Brama Krakowska: a porta histórica de Lublin
A Brama Krakowska, ou Porta de Cracóvia, ergue-se como a principal entrada histórica para a Cidade Velha de Lublin. Situada na junção da Plac Władysława Łokietka com a Ulica Bramowa, esta estrutura imponente marca o limiar entre o moderno passeio pedonal de Krakowskie Przedmieście e as ruelas empedradas da Stare Miasto.
Um bastião de defesa medieval
Construída entre 1341 e 1344 por ordem do rei Casimiro III, o Grande, a porta foi erguida no rescaldo de uma devastadora incursão tártara em 1341. Tornou-se o bastião mais formidável da cintura defensiva de Lublin e herdou o nome da histórica rota comercial que ligava Cracóvia, Lublin e Vilnius.
Nos seus primeiros tempos, o acesso fazia-se através de uma ponte levadiça de madeira sobre um profundo fosso defensivo. Ao longo dos séculos, a estrutura adaptou-se às novas necessidades da cidade. Em meados do século XVI, foi acrescentado um anteporto renascentista fortificado e, por volta de 1585, instalou-se um dos primeiros mecanismos de relógio.
Historicamente, a porta servia de alojamento a funcionários municipais essenciais. Abrigava os guardas-noturnos, o relojoeiro oficial da cidade e o corneteiro municipal.
Evolução arquitetónica e restauro
A porta exibe um contraste visual impressionante, fruto de séculos de transformações arquitetónicas. Ao nível da rua, a base revela uma pesada alvenaria gótica em padrão xadrez, composta por tijolos de campo em tons de vermelho-escuro misturados com blocos irregulares de cré e calcário. A passagem pedonal abobadada cria uma sensação singular de compressão e eco. Sobre esta base maciça ergue-se uma superestrutura barroca octogonal, lisa e pintada.
Esta torre superior foi redesenhada em 1782 pelo arquiteto régio Domenico Merlini, a pedido da Comissão de Boa Ordem. Merlini acrescentou a caraterística cúpula de cobre da porta. No ponto mais alto, um cata-vento ostenta o monograma SAR (Stanislaus Augustus Rex) e a data de 1782, em honra do rei Stanisław August Poniatowski.
Entre 1959 e 1964, o edifício foi alvo de profundos restauros no pós-guerra. Foram removidas camadas supérfluas de reboco para expor a alvenaria gótica original do século XIV, que hoje define os pisos inferiores.

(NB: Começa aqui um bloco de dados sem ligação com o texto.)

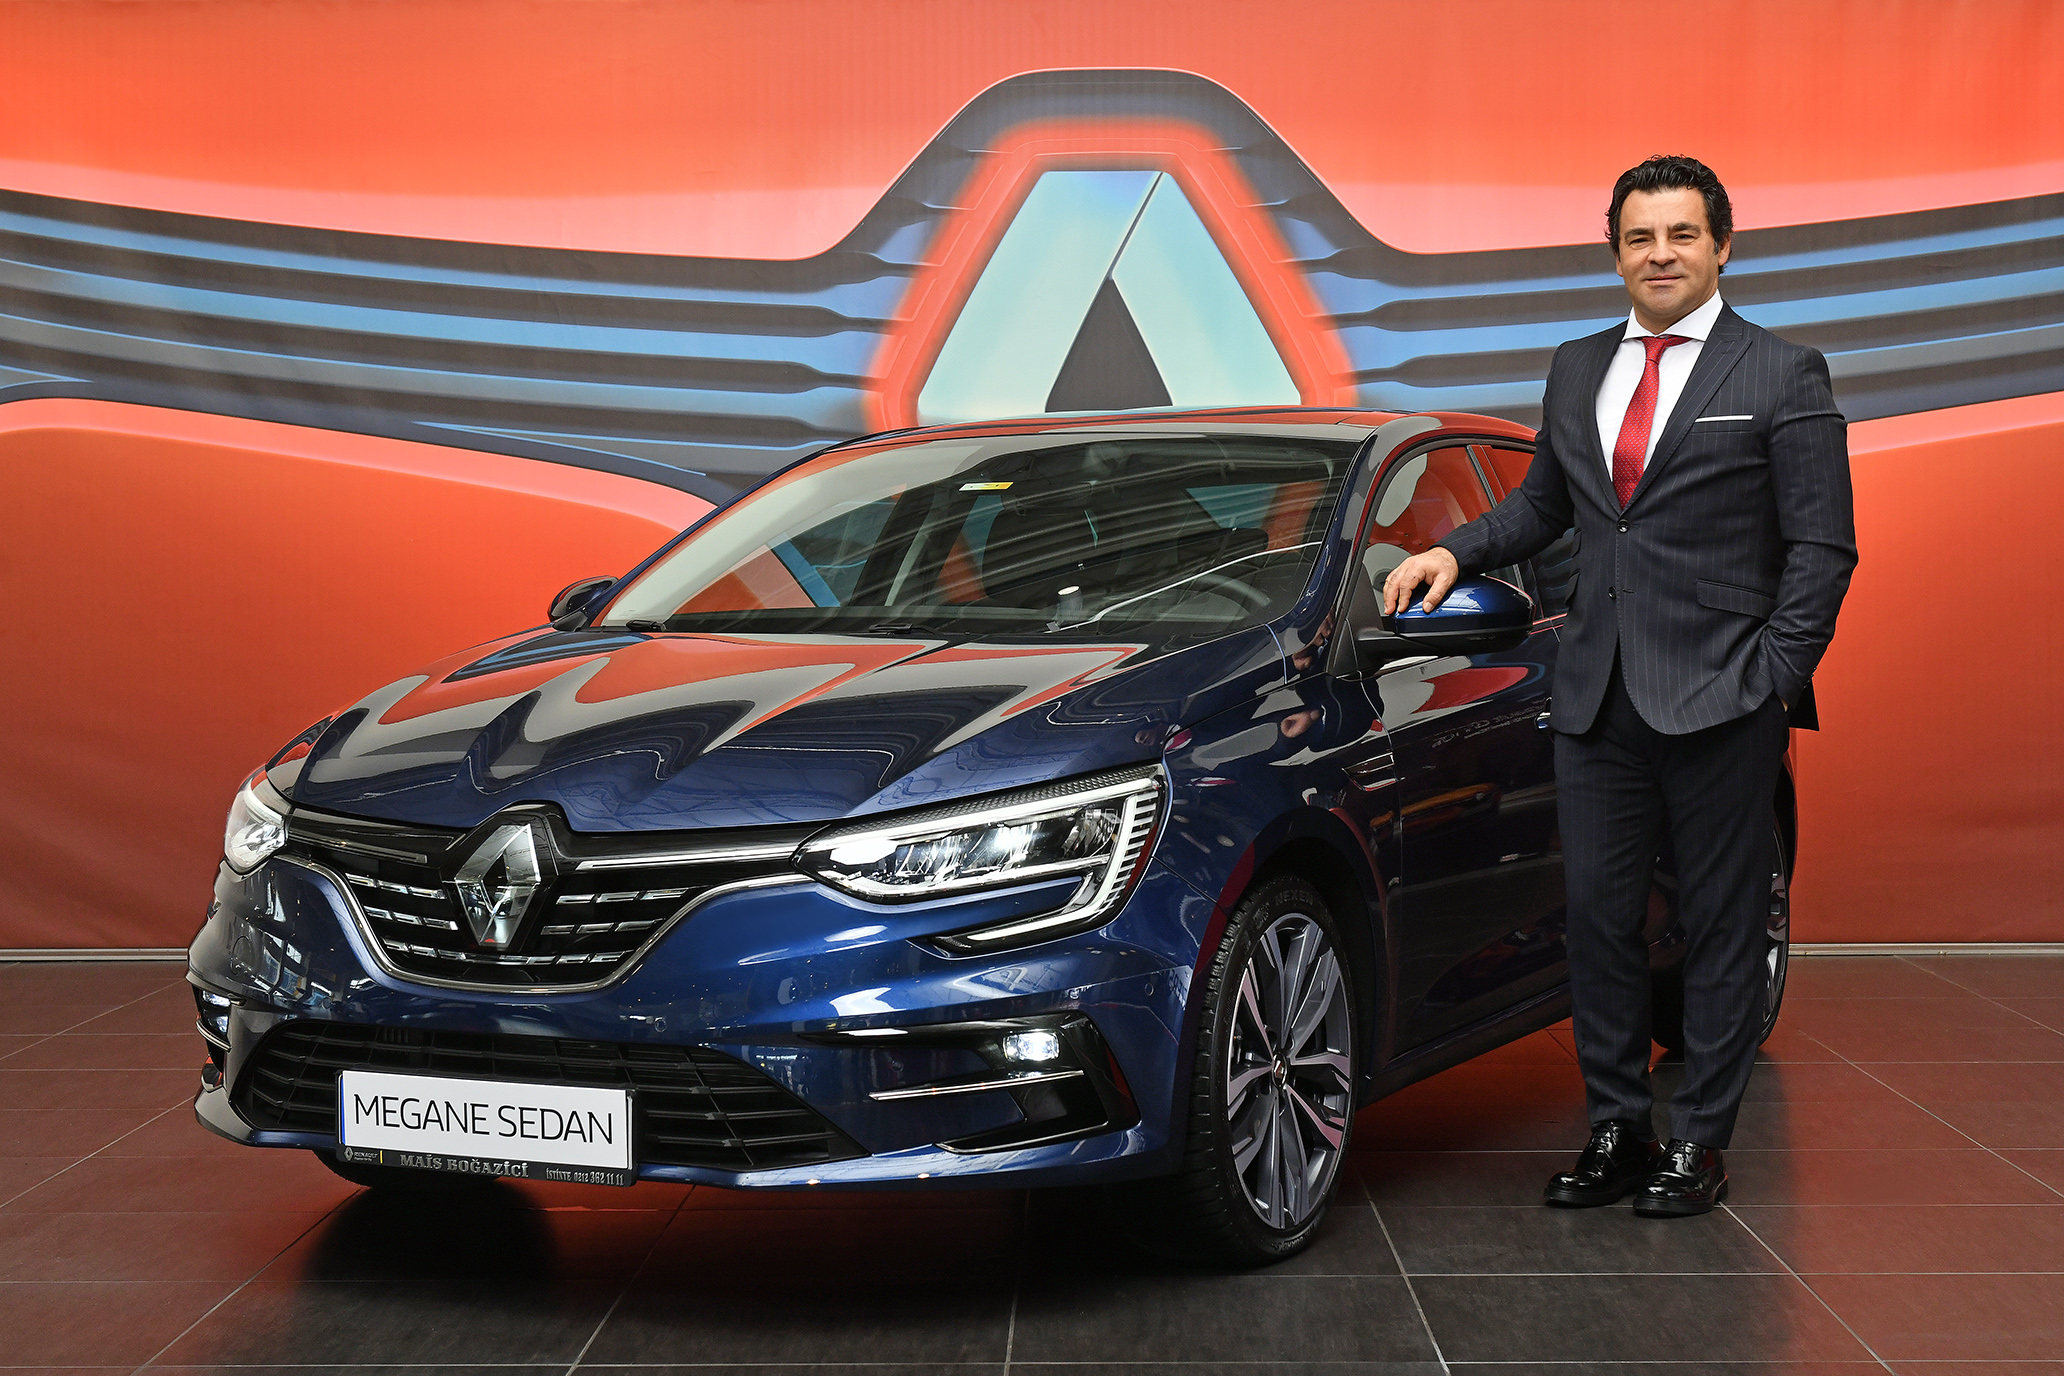 Yenilenen Renault Megane sedan satışa sunuldu!

Ícones religiosos e exposições museológicas
A porta exibe ícones religiosos opostos nas suas fachadas. A parede exterior, voltada para a cidade moderna, apresenta uma imagem da Virgem Maria, enquanto a fachada interior, virada para a Cidade Velha, acolhe uma imagem de 1839 de Santo António de Pádua, o santo padroeiro de Lublin.
Desde 1979, a Porta de Cracóvia serve de sede ao Museu da História da Cidade de Lublin, um polo do Museu Nacional. O interior acolhe exposições permanentes que detalham o desenvolvimento urbano da cidade, desde os povoamentos pré-históricos até 1944.

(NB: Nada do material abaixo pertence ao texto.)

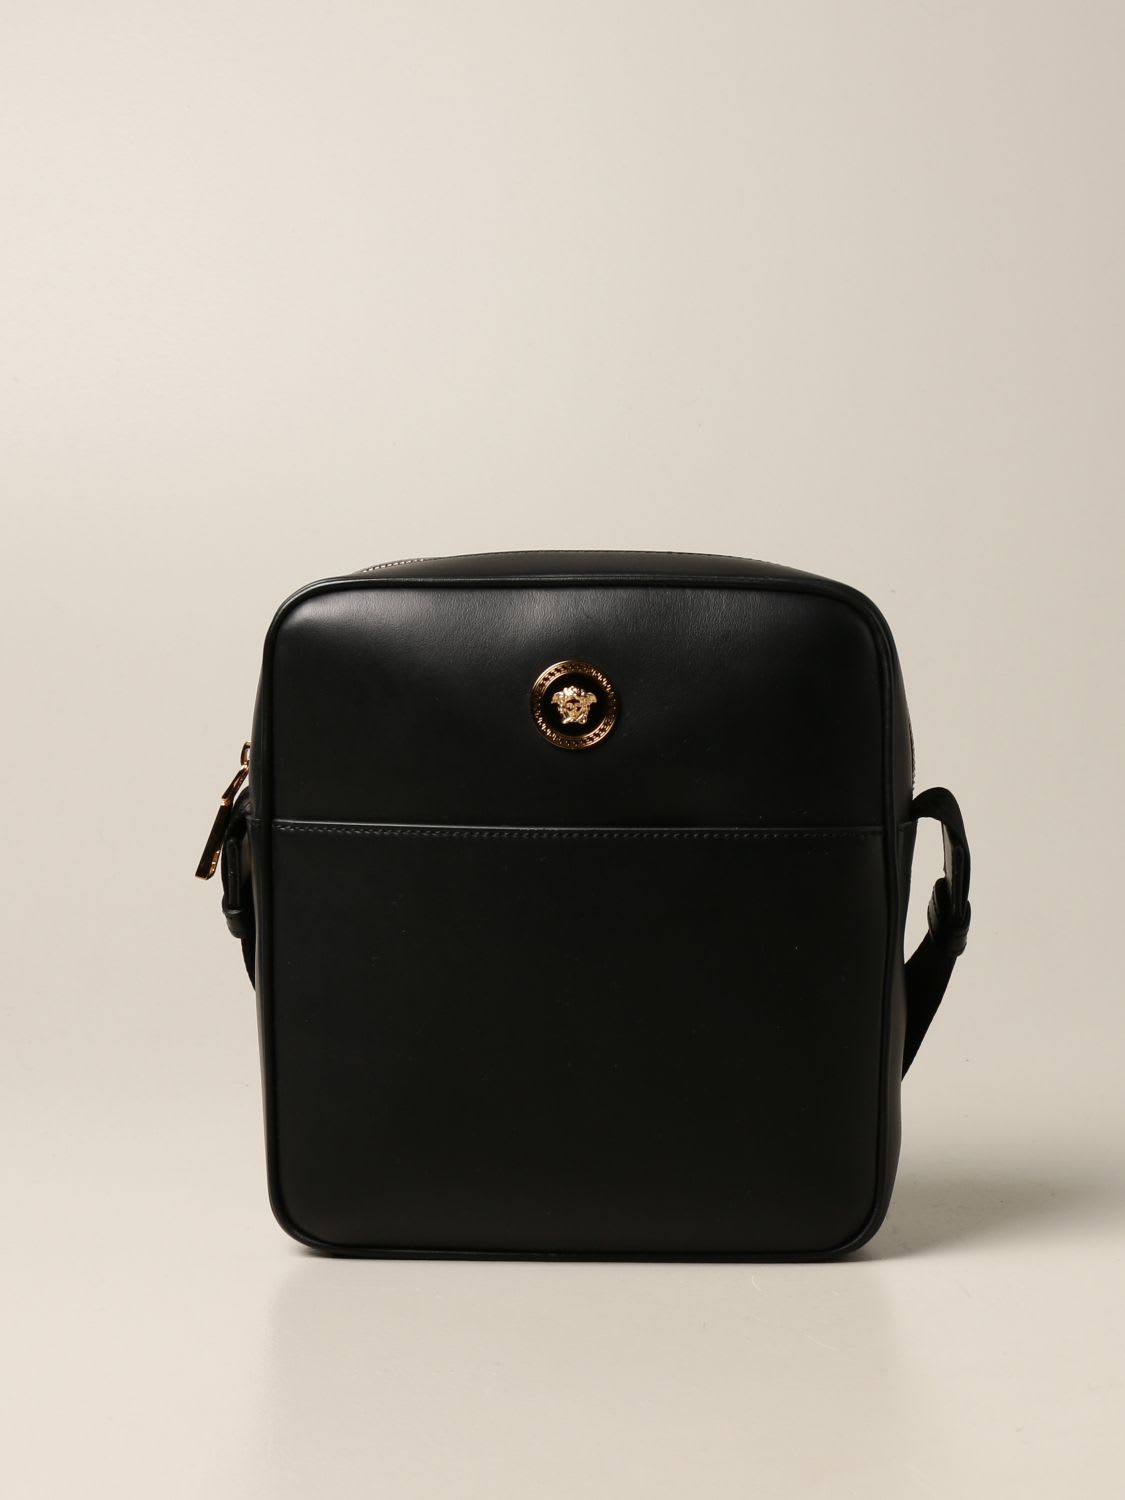 Versace Shoulder Bag Versace Leather Bag With Medusa

O quinto piso oferece um miradouro sobre a Plac Łokietka e a Krakowskie Przedmieście, proporcionando uma perspetiva panorâmica sobre as paisagens históricas e modernas de Lublin.
FAQ
O que se encontra hoje no interior da Brama Krakowska?
Desde 1979, a porta acolhe o Museu da História da Cidade de Lublin. O museu apresenta exposições permanentes sobre o desenvolvimento urbano da cidade até 1944, e o quinto piso oferece um miradouro público com vista sobre a cidade.
Quem construiu a Porta de Cracóvia em Lublin?
A estrutura gótica original foi mandada erguer pelo rei Casimiro III, o Grande, entre 1341 e 1344, após uma incursão tártara. A torre barroca superior foi posteriormente redesenhada em 1782 pelo arquiteto régio Domenico Merlini.
O que significam as letras no cata-vento da Brama Krakowska?
O cata-vento ostenta o monograma SAR, que significa Stanislaus Augustus Rex. Inclui a data de 1782, assinalando o patrocínio régio de Stanisław August Poniatowski ao restauro da porta no final do século XVIII.